Message Policy and Compliance
Archiving Exchange Online-based mailboxes
Exchange Online mailboxes reside in the cloud, and archiving them requires unique hosting environments. In some cases, Exchange Online can also be used to archive on-premises mailboxes in the cloud. The options for archiving with Exchange Online are described in this section.
Exchange Online provides built-in archiving capabilities for cloud-based mailboxes, including an In-Place Archive that gives users a convenient place to store older email messages. An In-Place Archive is a special type of mailbox that appears alongside a user's primary mailbox folders in Outlook and Outlook Web App. Users can access and search the archive in the same way they access and search their primary mailboxes. Available functionality depends on the client in use:
Outlook 2016, Outlook 2013, Outlook 2010, and Outlook Web App Users have access to the full features of the archive, as well as related compliance features like control over retention and archive policies.

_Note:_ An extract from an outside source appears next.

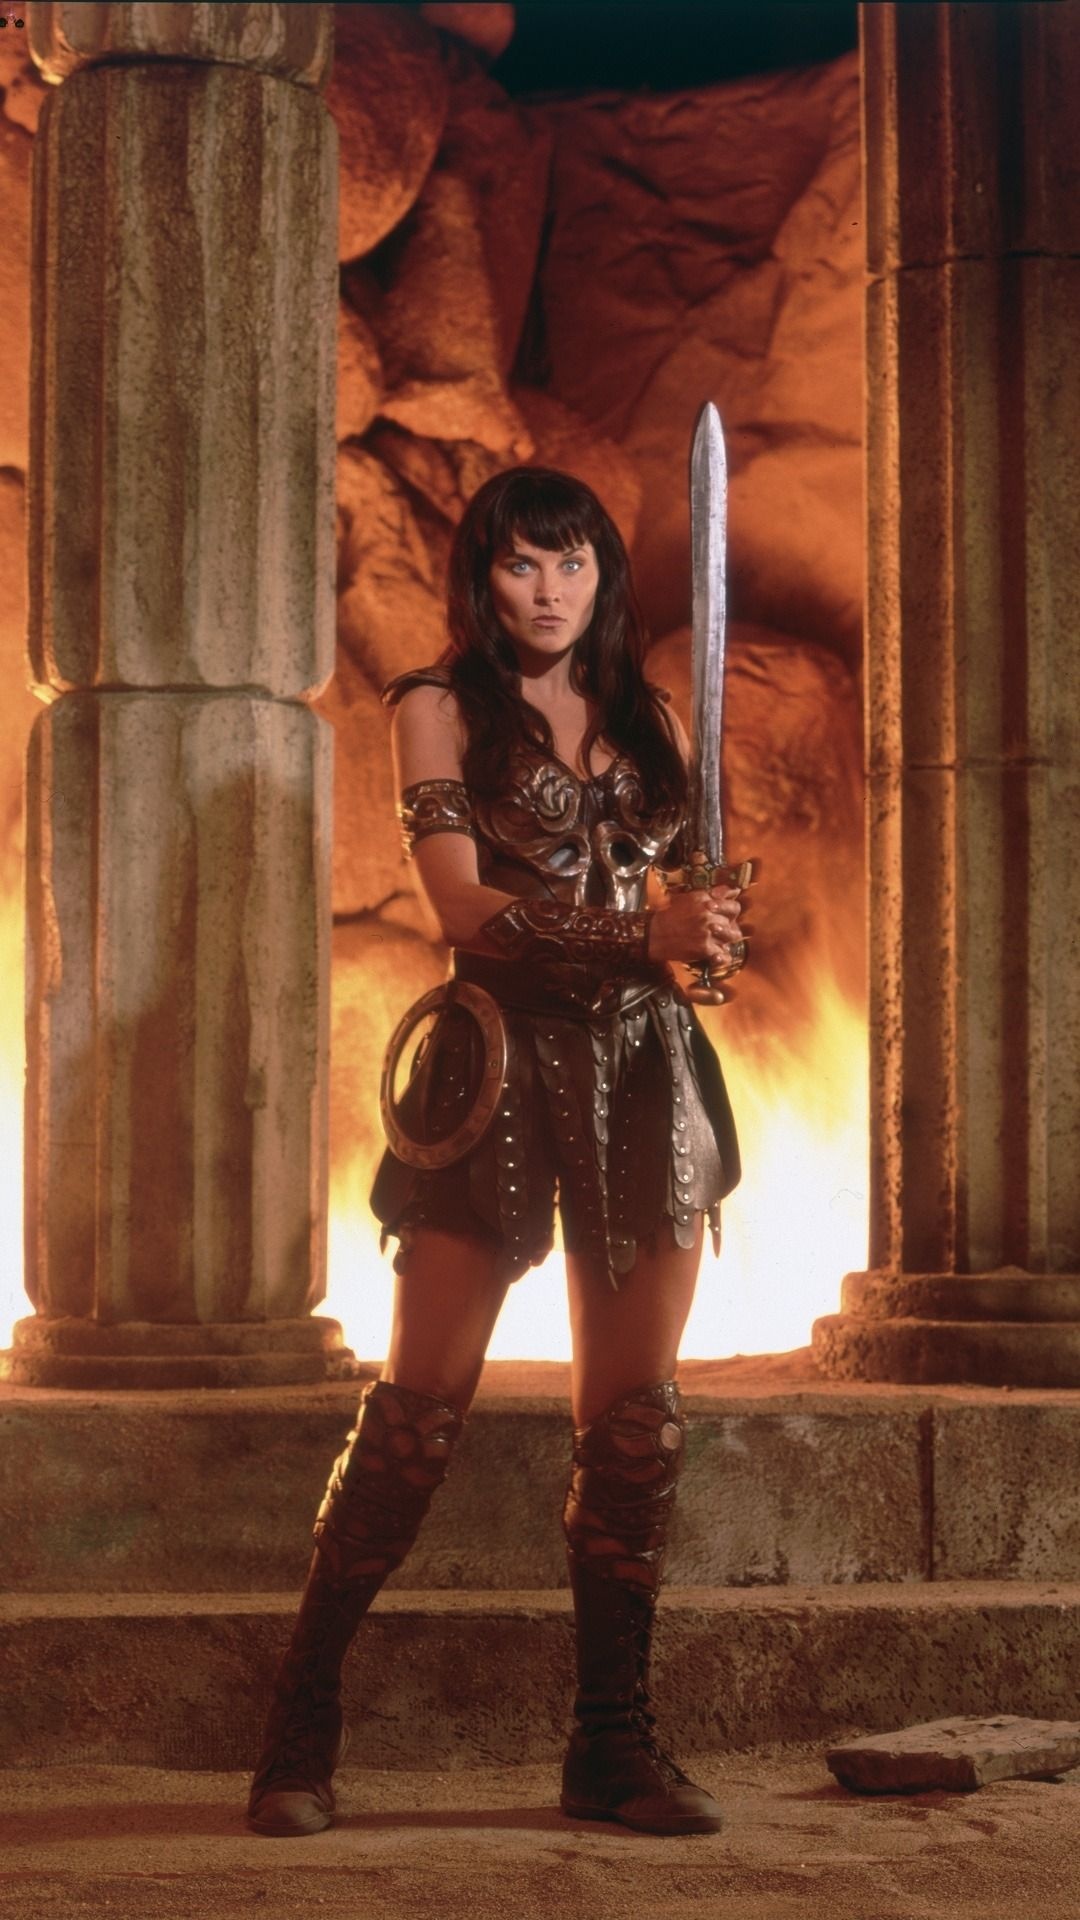 Xena: Warrior Princess (TV Series): A fictional character played by New Zealand actress Lucy Lawless. 1080x1920 Full HD Background.

Outlook 2007 Users have basic support for the In-Place Archive, but not all archiving and compliance features are available. For example, users cannot apply retention or archive policies to mailbox items and must rely on administrator-provisioned policies instead.
Administrators use the Exchange admin center or remote Windows PowerShell to enable the personal archive feature for specific users.
For more information, see:
Only one user's messaging data can be stored in each personal archive. The allocation of storage depends on the subscription plan. For more information about archive mailbox sizes, see the "Mailbox storage limits" section in Exchange Online Limits.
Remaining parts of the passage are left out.